Crippled by depression and losing interest in his own music, Josh Tillman did what many writers before have done – he hit the road.
“I got into my van with enough mushrooms to choke a horse and started driving down the coast with nowhere to go,” he says.
“I was really sick of what I had been doing musically for most of my 20s and I had no motivation to do it.
“I was struck during a strange moment at like 3:30 in the morning that I just needed to leave. I couldn’t walk around feeling like this all the time.”
During the time off the former Fleet Foxes drummer, who has been releasing solo albums since 2003, adopted a new moniker – Father John Misty – and found salvation when he started writing a novel.
Tapping into his “narrative voice”, he wrote and recorded Fear Fun, released in May this year. A vibrant, often hilarious album, he is touring and will be in Australia for Splendour in the Grass and sideshows.
The album comes packaged with two poster-sized sheets featuring lyrics and a 31-chapter treatment for a fictional video game called ‘‘’Bed Bug Mountain’’.
He says “finding my voice” was one of the revelations of his career. “The novel is just so fun to write,” he says.
“I realised I had this whole skill set that I’d been too vain to use before because I didn’t trust my own impulses.
“Once I stopped caring about whether or not my sense of humour made its way into the songs, I realised not only that they were funny but they were also more useful or profound than anything I’d written before.”

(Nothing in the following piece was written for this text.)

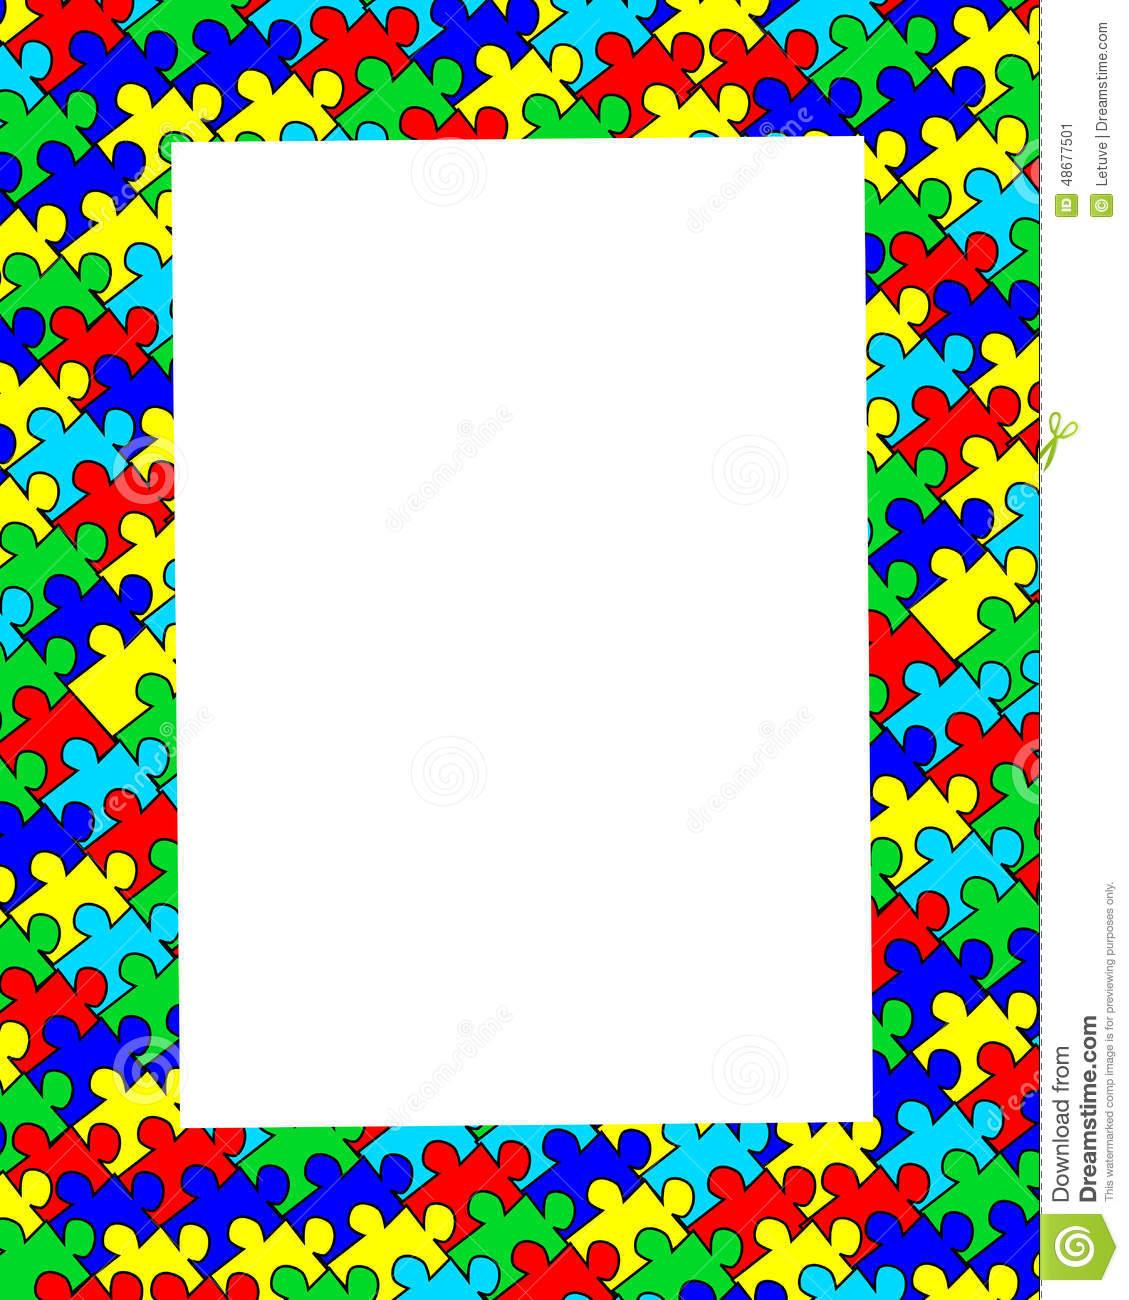 Autism border
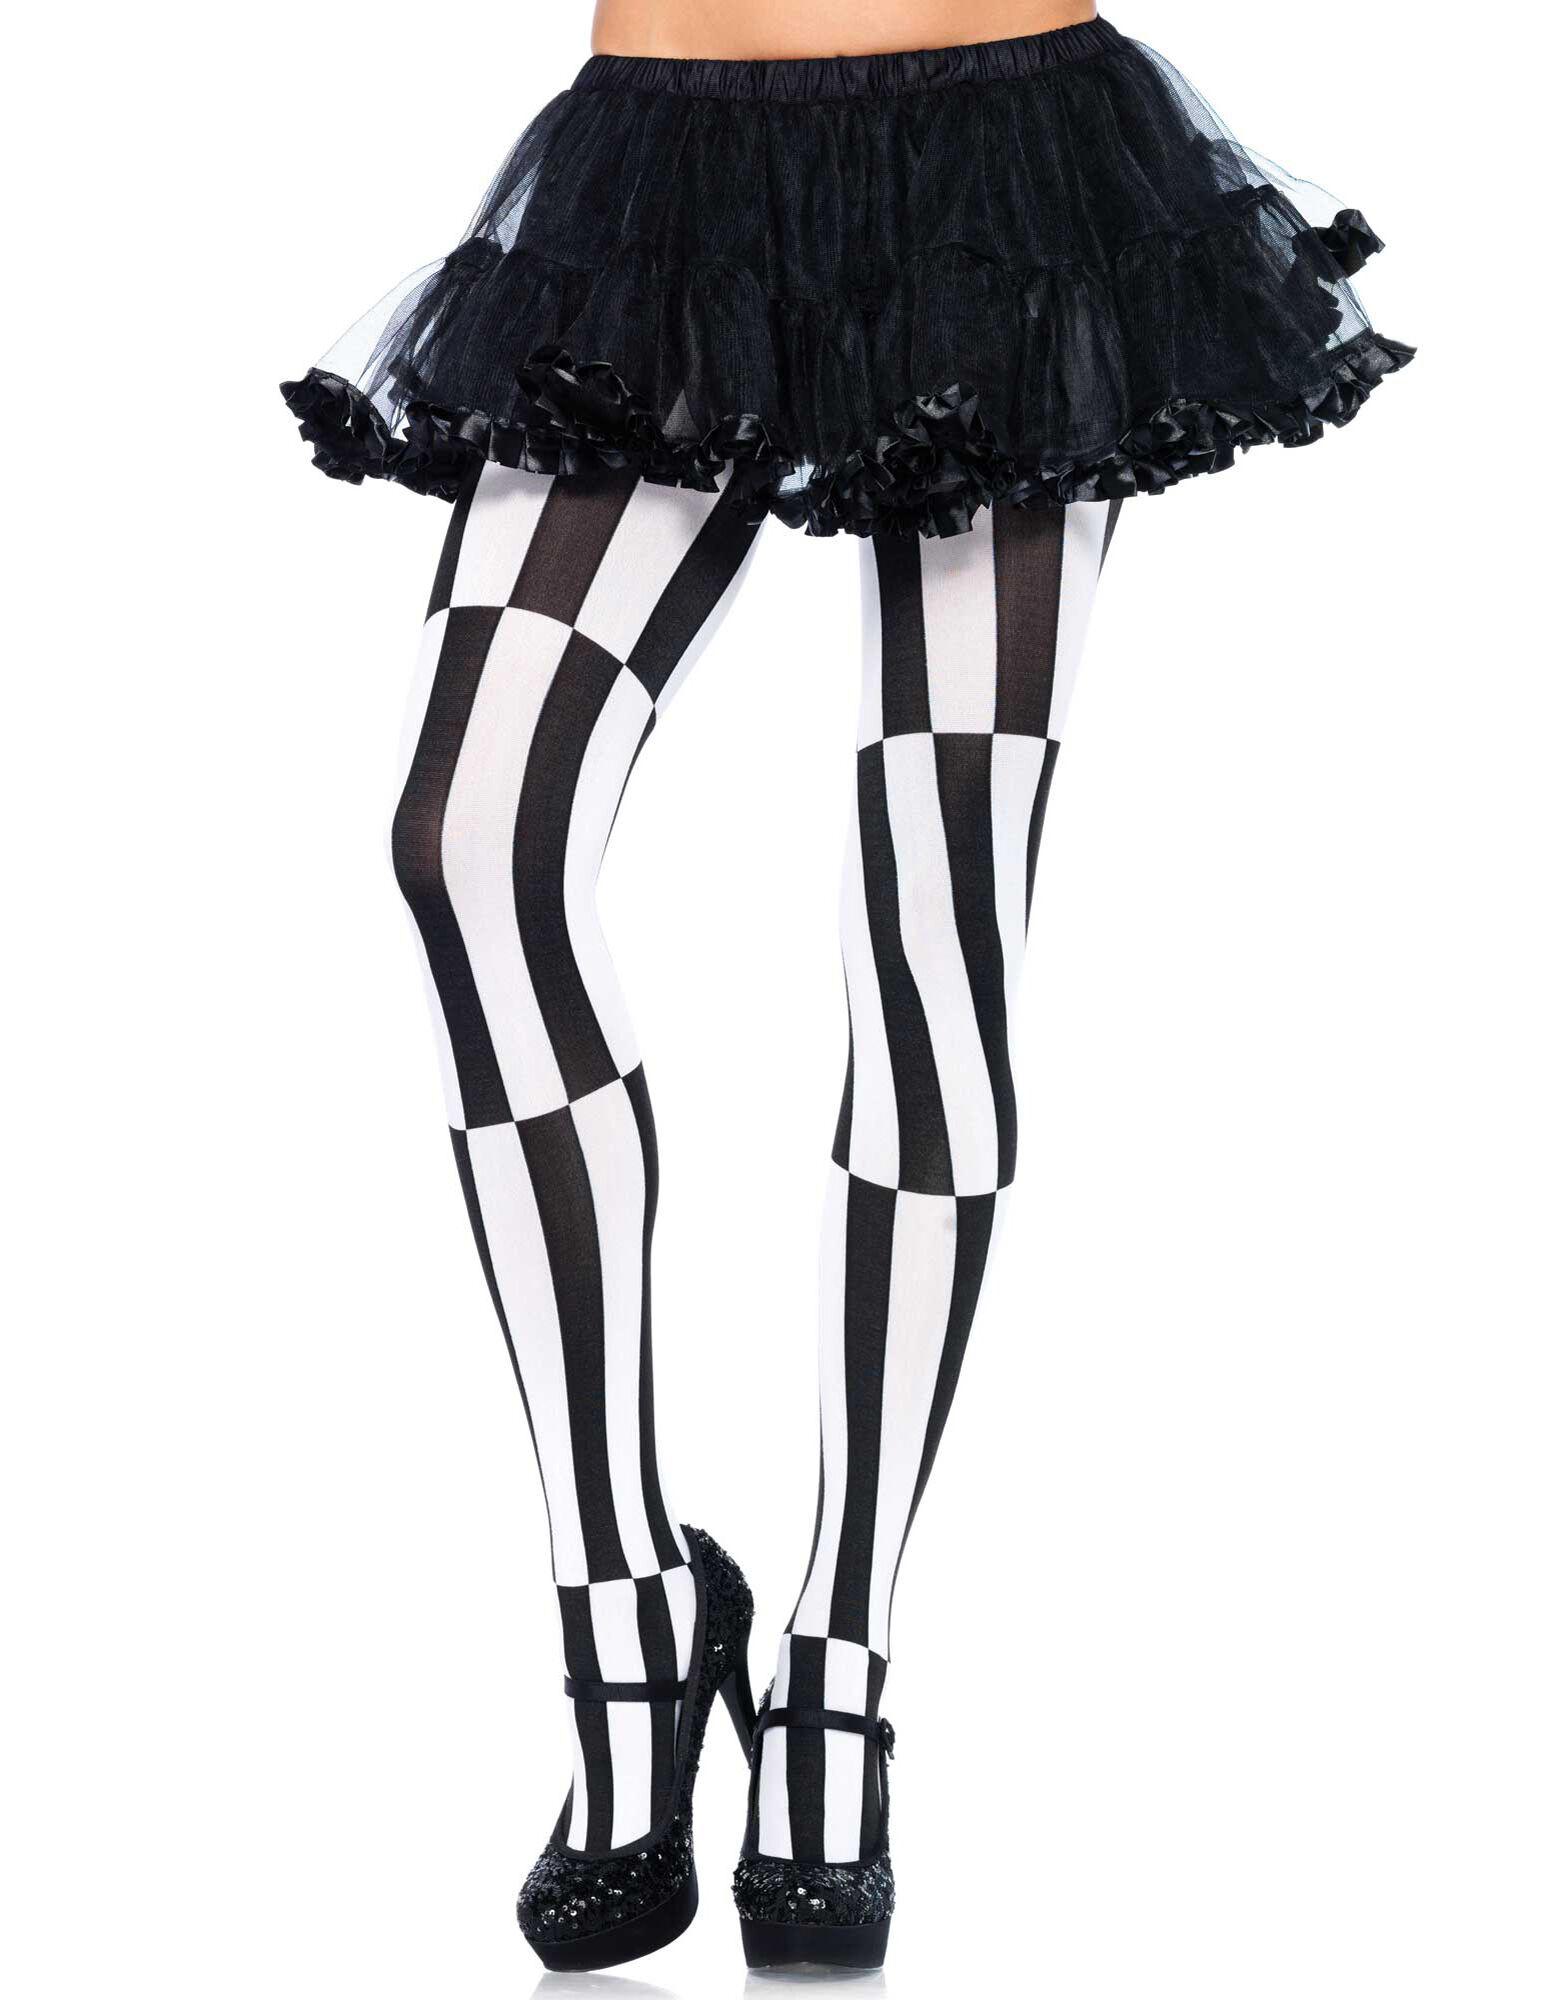 Deguisetoi Collants illusion d'optique noir et blanc femme - Taille: XL/2XL (48-52)

The album has been well received by critics, and lead single “Hollywood Forever Cemetery Sings”, which features actress Aubrey Plaza, battered and bruised, stumbling through a party, attracted attention.
Tillman says the pair share a similar sense of humour. “We’re both crazy busy. I met her at a party a few years ago,” he says. “I felt she would be perfect in this cathartic role. She’s basically playing me in the video.”
As for his songwriting, which has been influenced by Loudon Wainwright III, Harry Nilsson and Oscar Wilde, he says he wanted to inject personality in his lyrics.
“I don’t like wound-licking music. I want to listen to someone rip their arm off and beat themselves with it,” he says.
“Singer-songwriters are meant to be confessional or whatever, with a lot of language about loss and so on.
“I see that as sort of funny, these stupid 20-year-old kids just wildly romanticising their own everyday experiences … how much of your life mirrors your music?
“Everyone seems to want to downplay the humanity or there is this real ‘aww shucks’ sense of propriety around performance.
“A lot of new music doesn’t grab me. What grabs me is interesting, vivid details or a sense of humour. The songwriters I’m into are people you want to hang out with, they have personality.”
Father John Misty plays at The Corner on July 28. Fear Fun out now.